## [YOUR ASSIGNMENT]
Produce a word-for-word copy of the data that follows, excluding images.

## [DATA]
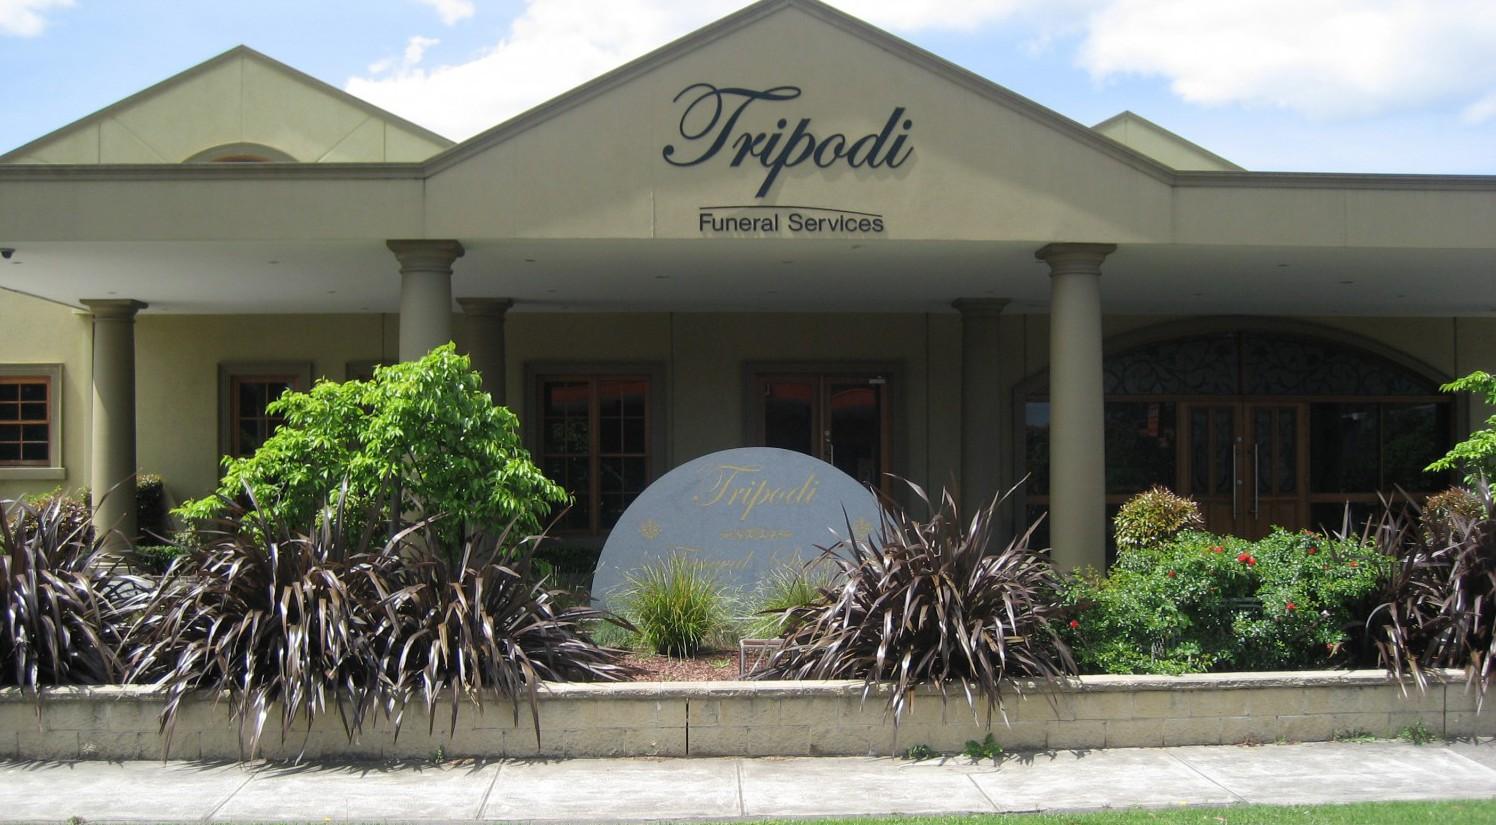 Tripodi Funeral Services
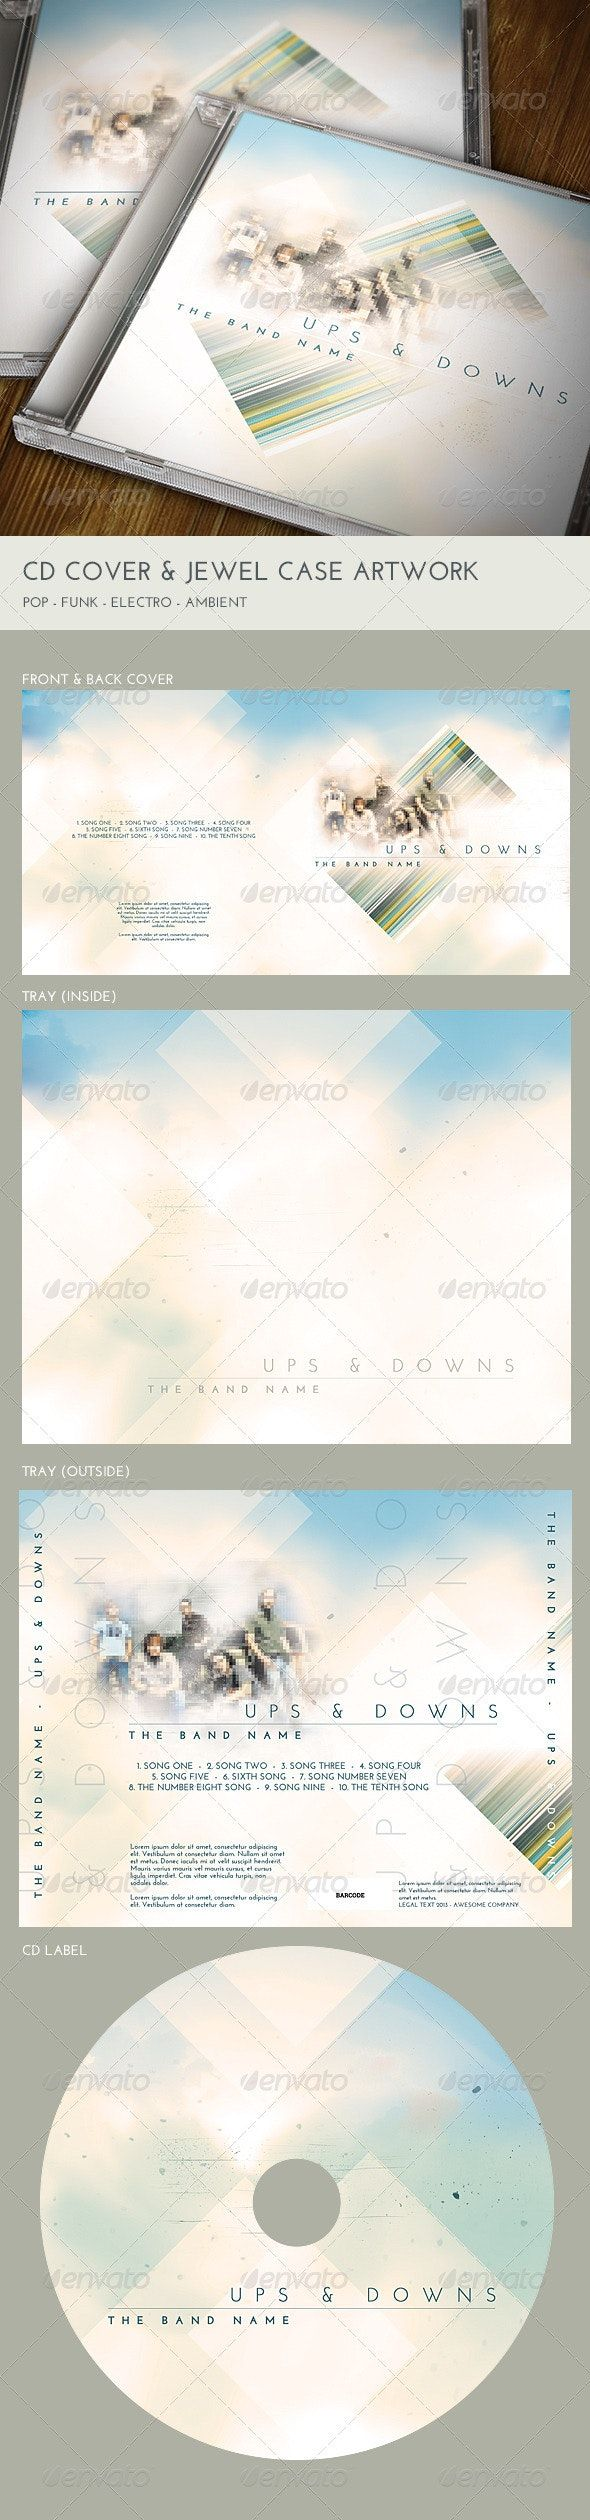 Pin On Graphics Designs Art
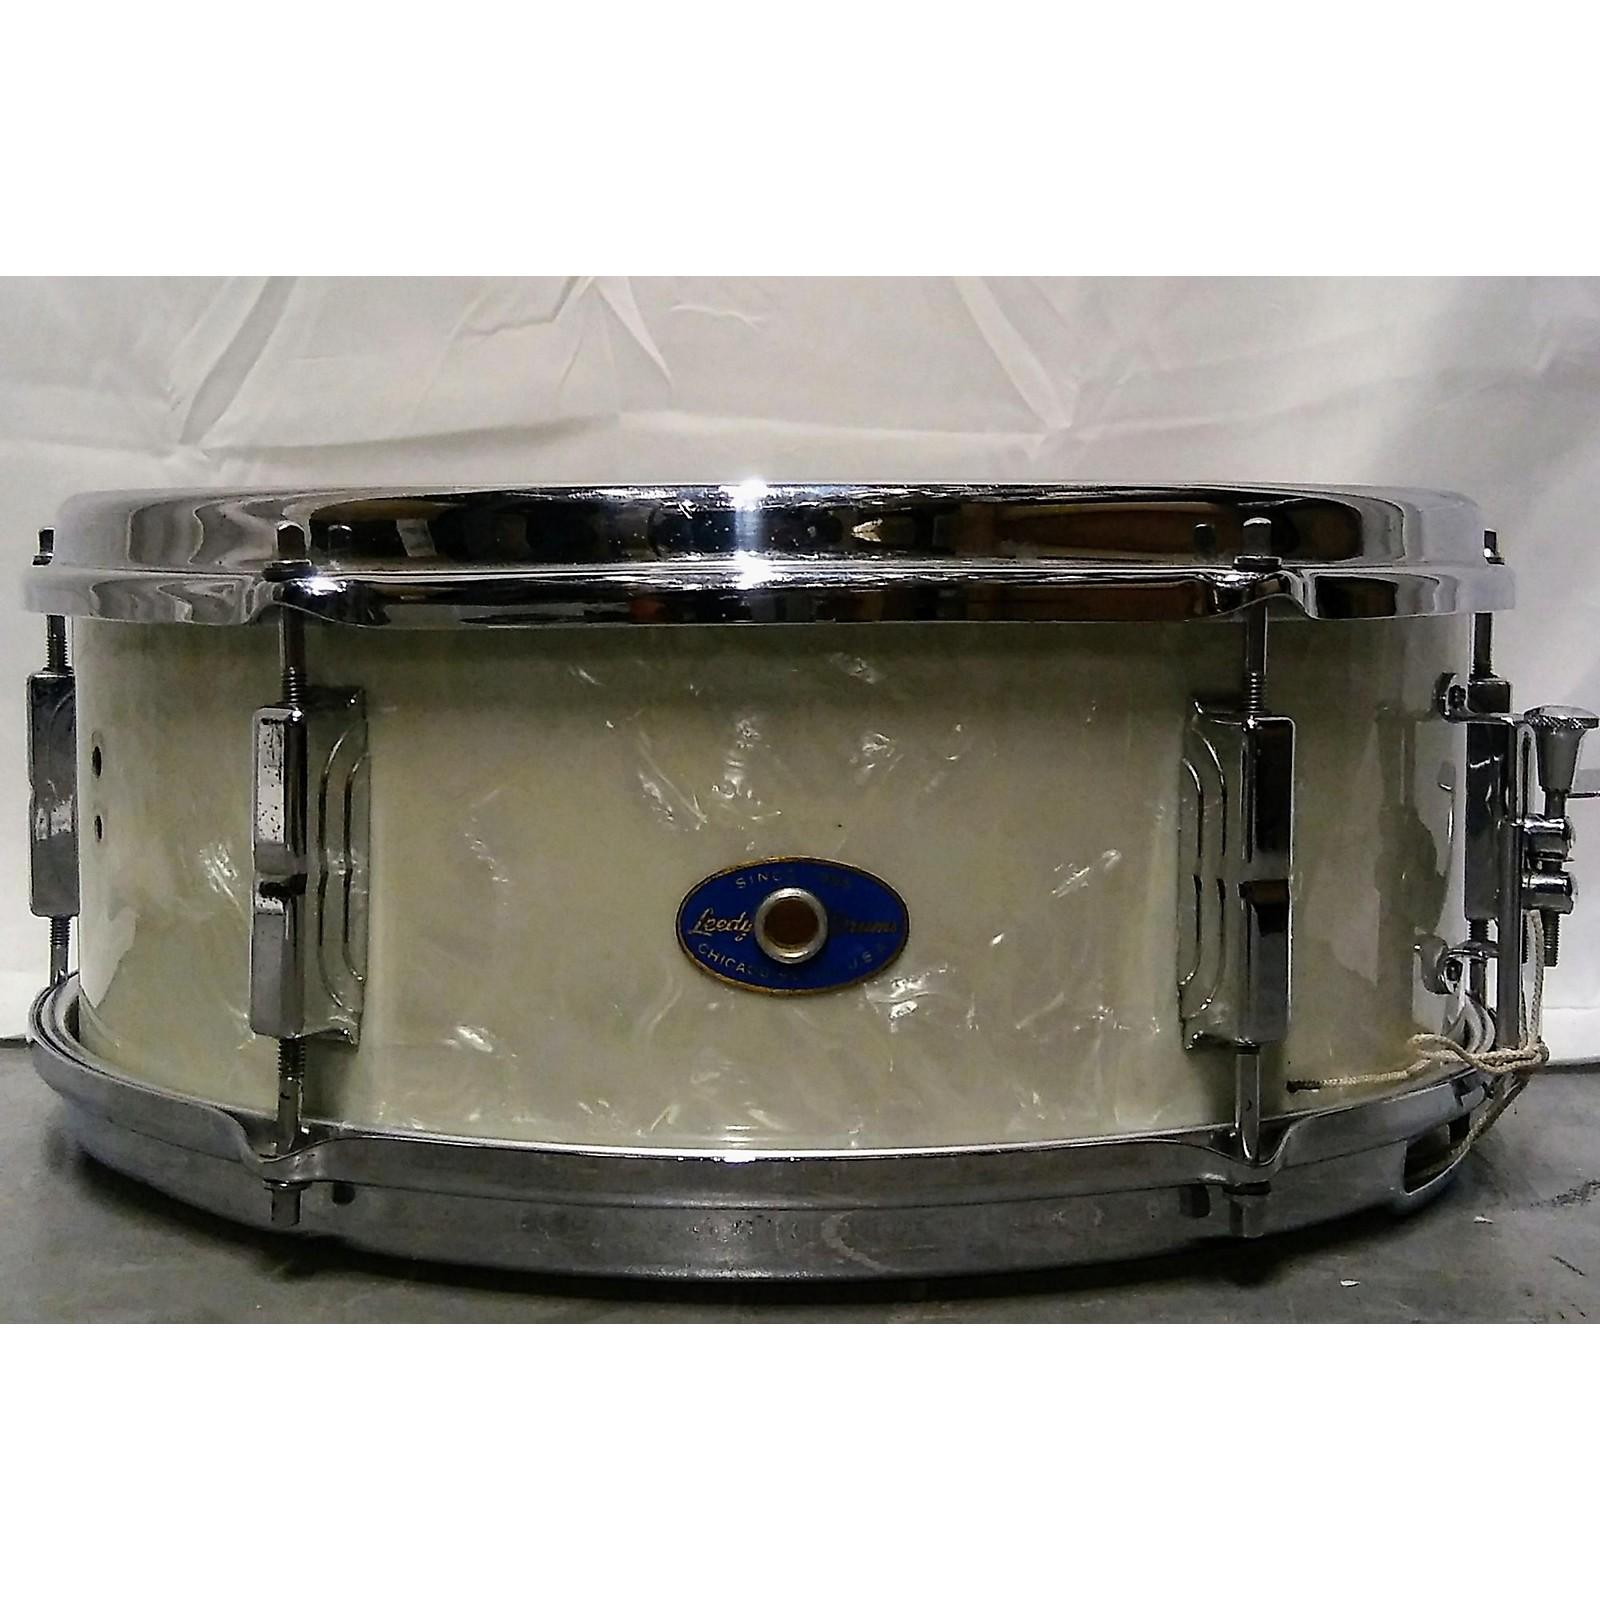 Leedy 5.5X14 Snare Drum

## [RESULT]
 Tripodi Funeral Services
 Pin On Graphics Designs Art
 Leedy 5.5X14 Snare Drum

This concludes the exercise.